Now, I'm scheduled to visit a kung-fu school and a TKD school.  The kung fu school has great hours, the TKD has decent hours.  Both are in relatively convenient locations.  I live in Chicago's far west suburbs, so I have some options as far as styles go.  There seems to be a lot of TKD schools around.

Any thoughts would be greatly appreciated.  Thanks.


----------



## MJS (Mar 25, 2010)

Spanky said:


> Hi all,
> 
> First of all, this is a great forum. I've learned a lot just by reading the sticky threads.
> 
> ...


 
Welcome to the forum. 

As for your questions...IMO, any art has the potential to give you what you're looking for.  As far as the schools you listed go...are those your only 2 options or were you planning on looking at other things too?

I'd go visit both, watch a few classes, see if you could join in on a trial class, talk to the students, the teacher, get as much info as you can on each, and then decide which school best suits your needs.

Mike


----------



## Hawke (Mar 25, 2010)

Hey Spanky,

I believe that there are a few American Kenpo schools out there in Chicago.

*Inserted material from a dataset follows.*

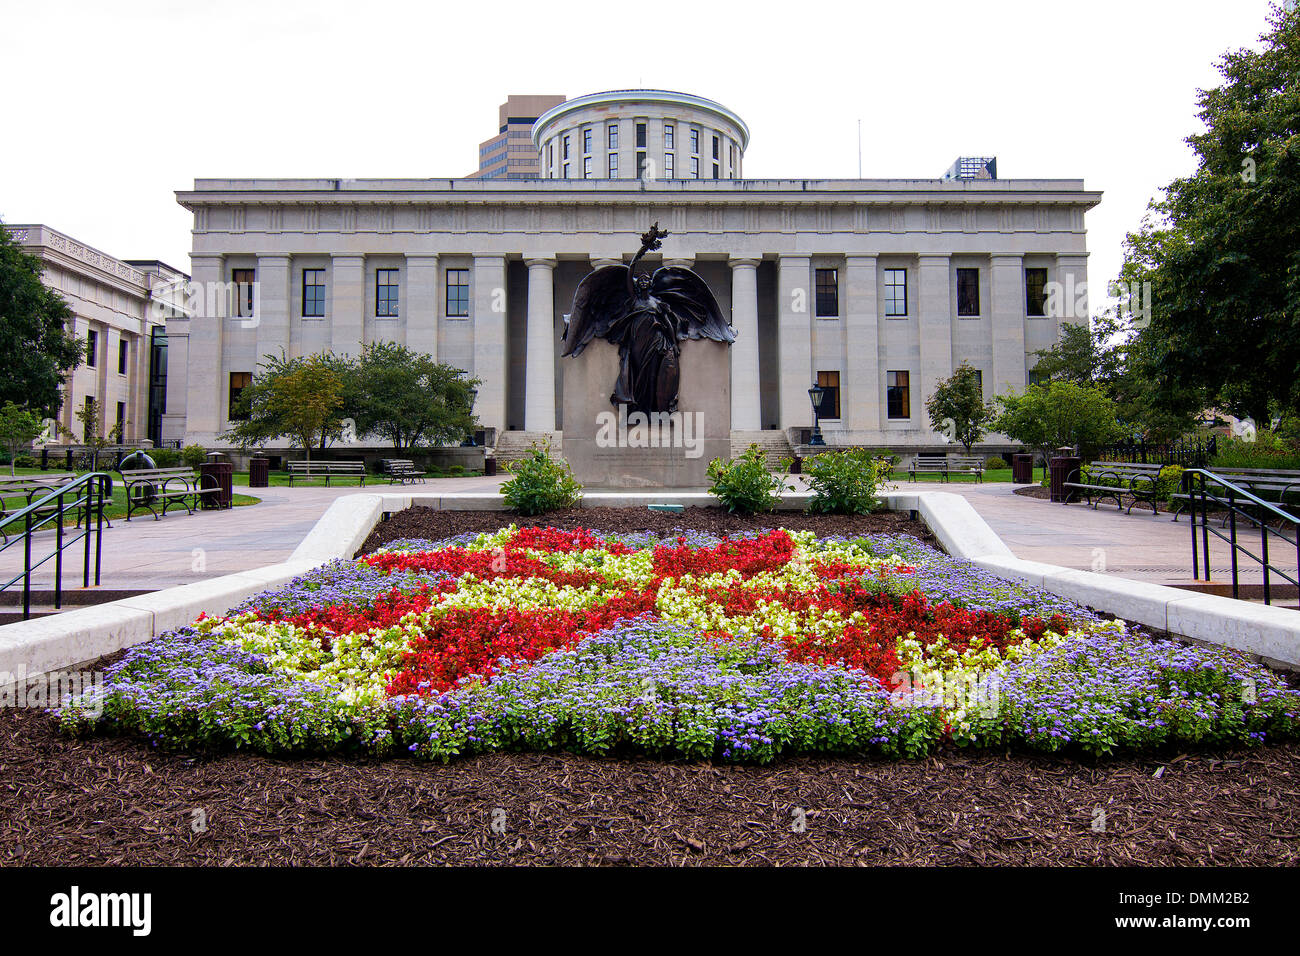 La Legislatura Estatal de Ohio en Columbus, Ohio, EE.UU. Foto de stock
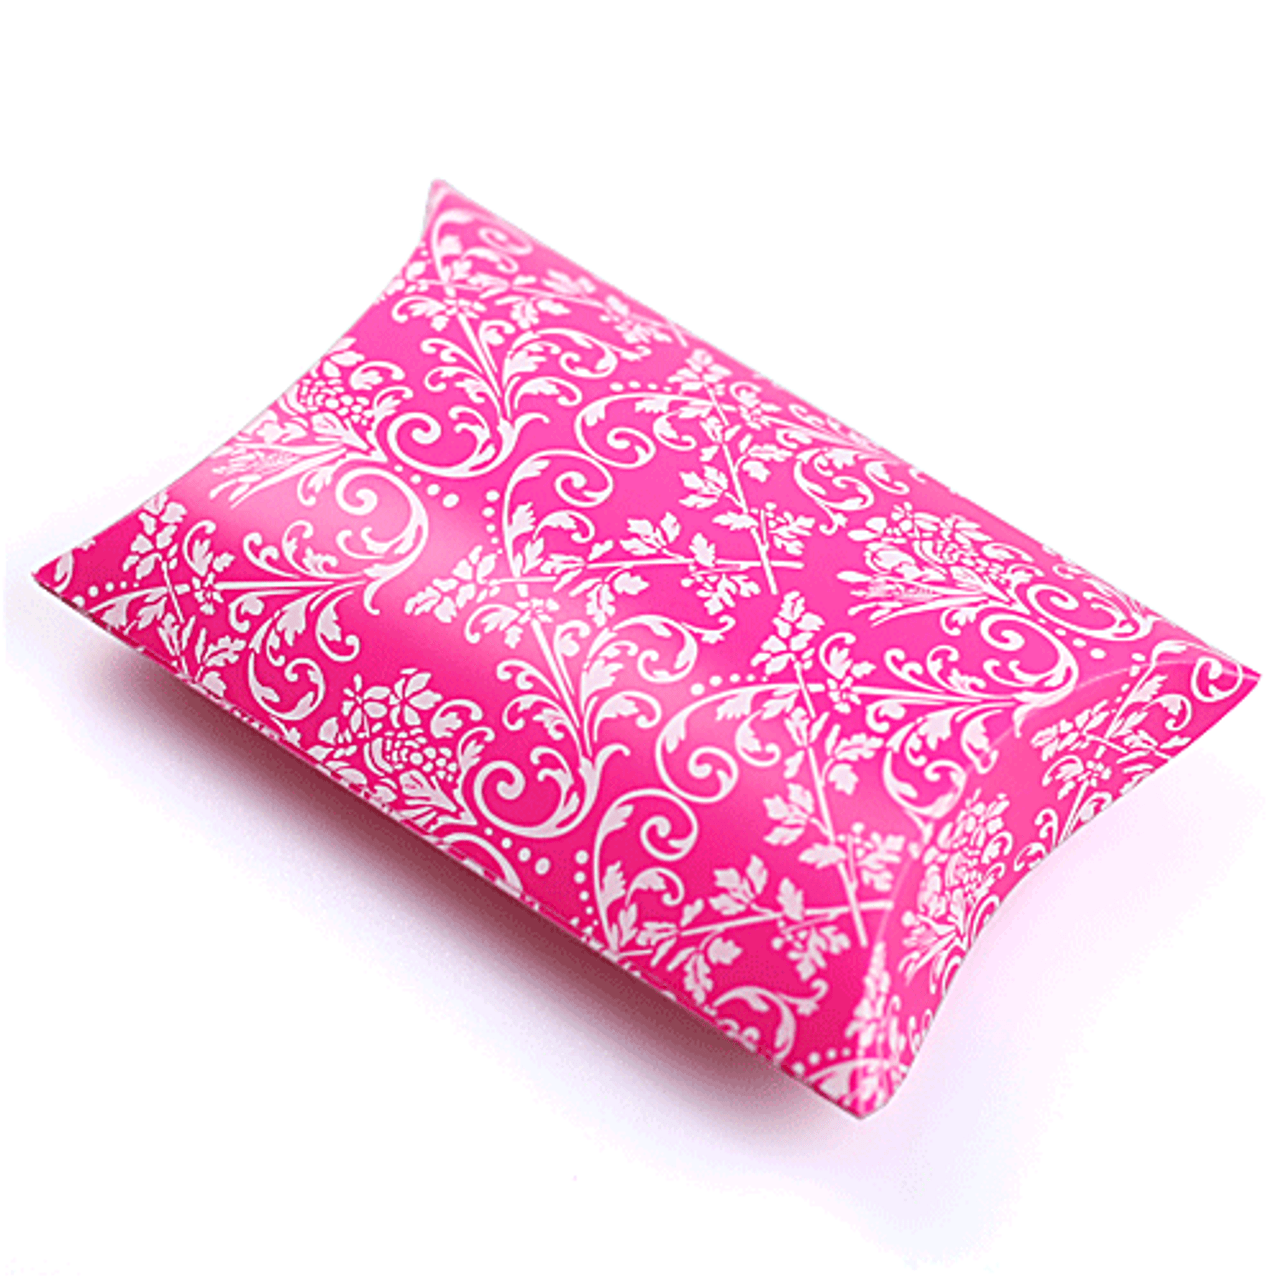 Hot Pink w/White Damask Print Pillow Box

Definitely talk to the instructors in your local area.

Do you have any friends/family that might want to join you in training?  The journey is personal, but it's nice having a buddy with you.

Since you read the "stickies" you know the importance of a good instructor and the possibility of a free first (sometimes a second) free class.

Not all schools (even in the same style) are the same.  So visit the local schools and talk with the instructor and students.  Your comparison analysis may be limited, but the more you visit the better idea you will have to make the analysis.  After a few months you will have an even better idea.  After a few years your eyes will see things in a different light.

When you watch the fighting in the movies do you notice a difference in the movements?  Fights for the camera are usually exaggerated and made bigger for the camera, but you get an idea of the movements.

If you get a chance watch_....

The Perfect Weapon_ (Ed Parker's American Kenpo)

_The Hunted_ (Sayoc Kali)

_Bourne Identity series_ (Filipino Martial Art, staying out of the politics)

These are fun action flicks to watch for the action.  Real life is way different than the silver screen.  When you start your conditioning you're going to discover muscles you never knew existed. (evil grin).

MA is a personal journey.  The guy/gal next to you may be able to perform better, but you should only compare yourself to yourself.  How you train will be up to you.  You get to choose punching air or punching a bag or punching a person (with or without gear).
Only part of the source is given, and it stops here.